Last weekend, UST started to deviate from $1 as macro uncertainty continued to mount in the light of the 50bps rate increase on Wednesday, concern about April’s inflation numbers, released tomorrow, and the double-digit dips impact most crypto tokens in recent days. There were some allegations that an unknown actor was trying to flood the market with UST to attack the protocol, and one pseudonymous actor even took out a very public $10 million short position against the asset.
As all of this was happening, over $5 billion worth of UST was being drained out of the Anchor Protocol, a DeFi lending application that runs on Luna. This represents about a third of the entire market capitalization, which could be seen as a vote of no-confidence in the asset. This was bound to happen at some point anyway. Participants in this protocol had been receiving an unsustainable 20% yield on their hold, which is abnormally high, even for crypto. Eventually this was going to unwind.
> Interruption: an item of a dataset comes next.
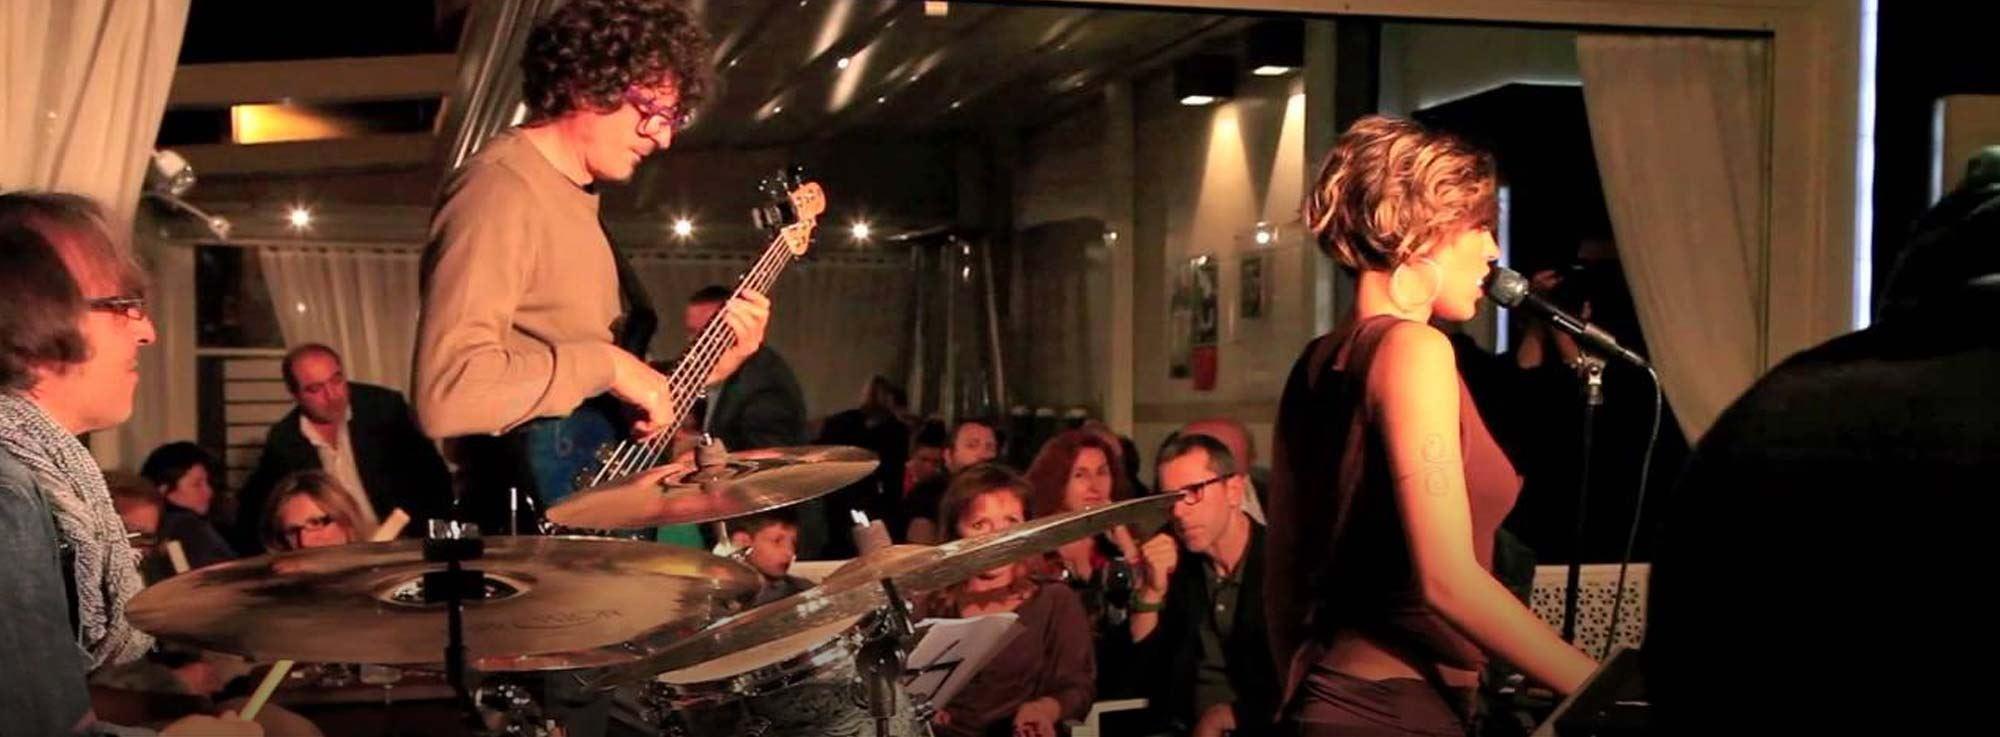 Trani: Serena Brancale Quartet live
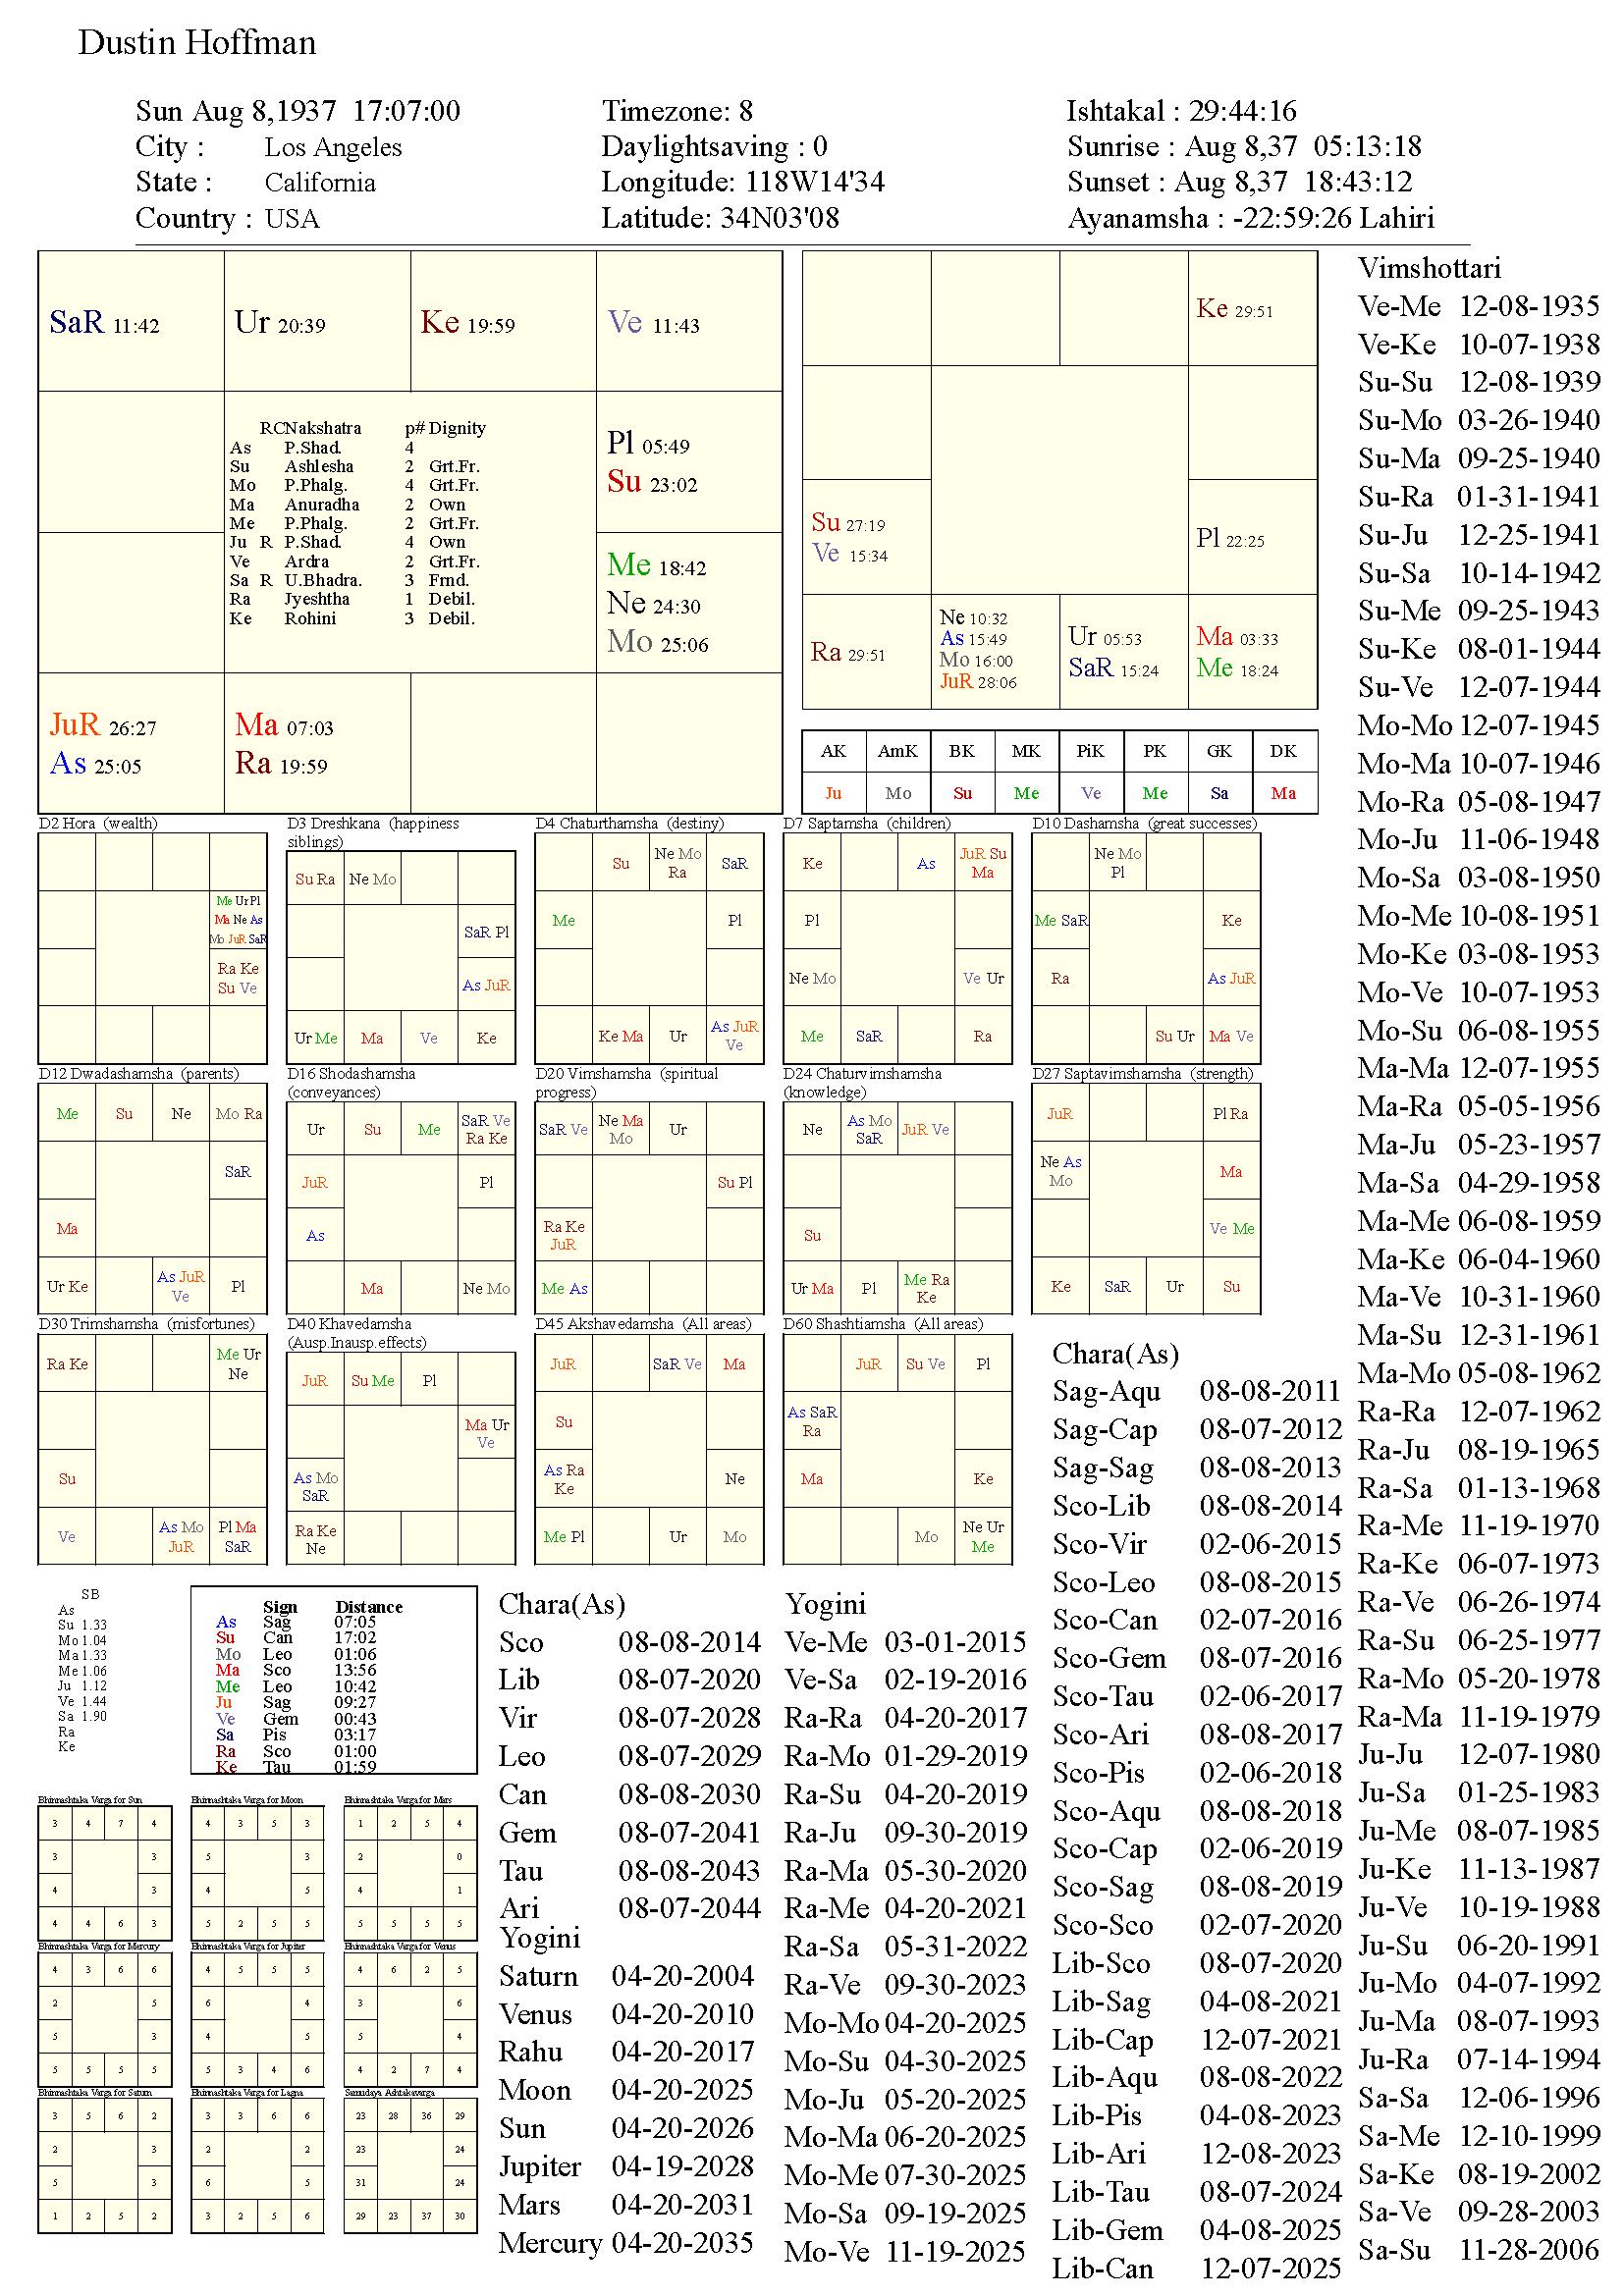 DustinHoffman_chart

As you can see above the ball of yarn started to unwind over the weekend, and even when the Luna team deployed all of the bitcoin at hits fingertips, as well as hundreds of millions of dollars in UST to market makers in an effort to bootstrap liquidity and brings things back to an equilibrium, it has not recovered. It may never, and even if it does the reputational damage will be almost impossible to overcome.
If that was not enough, the collateral damage was extensive. LUNA saw its market capitalization drop from over $30 billion to $10 billion in the past five days and its price is down 64% over this time frame. Additionally, because the team flooded the market with bitcoin in an effort to protect the price peg, it added further selling pressure to that asset, seeing it drop below $30,000 for the first time since last July. In total, crypto’s market cap has lost about $300 billion in the past few days.
If there is one saving grace here, it could be that the other major stablecoins such as USDT and USDC have largely managed to avoid damage themselves. However, as they continue to grow in size, it is fair to assume that regulatory scrutiny will only grow in light of these events.
It is also fair to wonder if or when there will ever be a successful algorithmic stablecoin. UST surged in no small part due to backlash among crypto natives to the centralized way in which USDT and USDC operate, which they see as anathema to crypto’s ideals. Of course, decentralization is a spectrum, so perhaps there is a middle ground between purely algorithmic tokens and the decentralized model. Regardless, no tokens will succeed until they can prove their viability during times of stress, something that the traditional financial sector also struggles with today.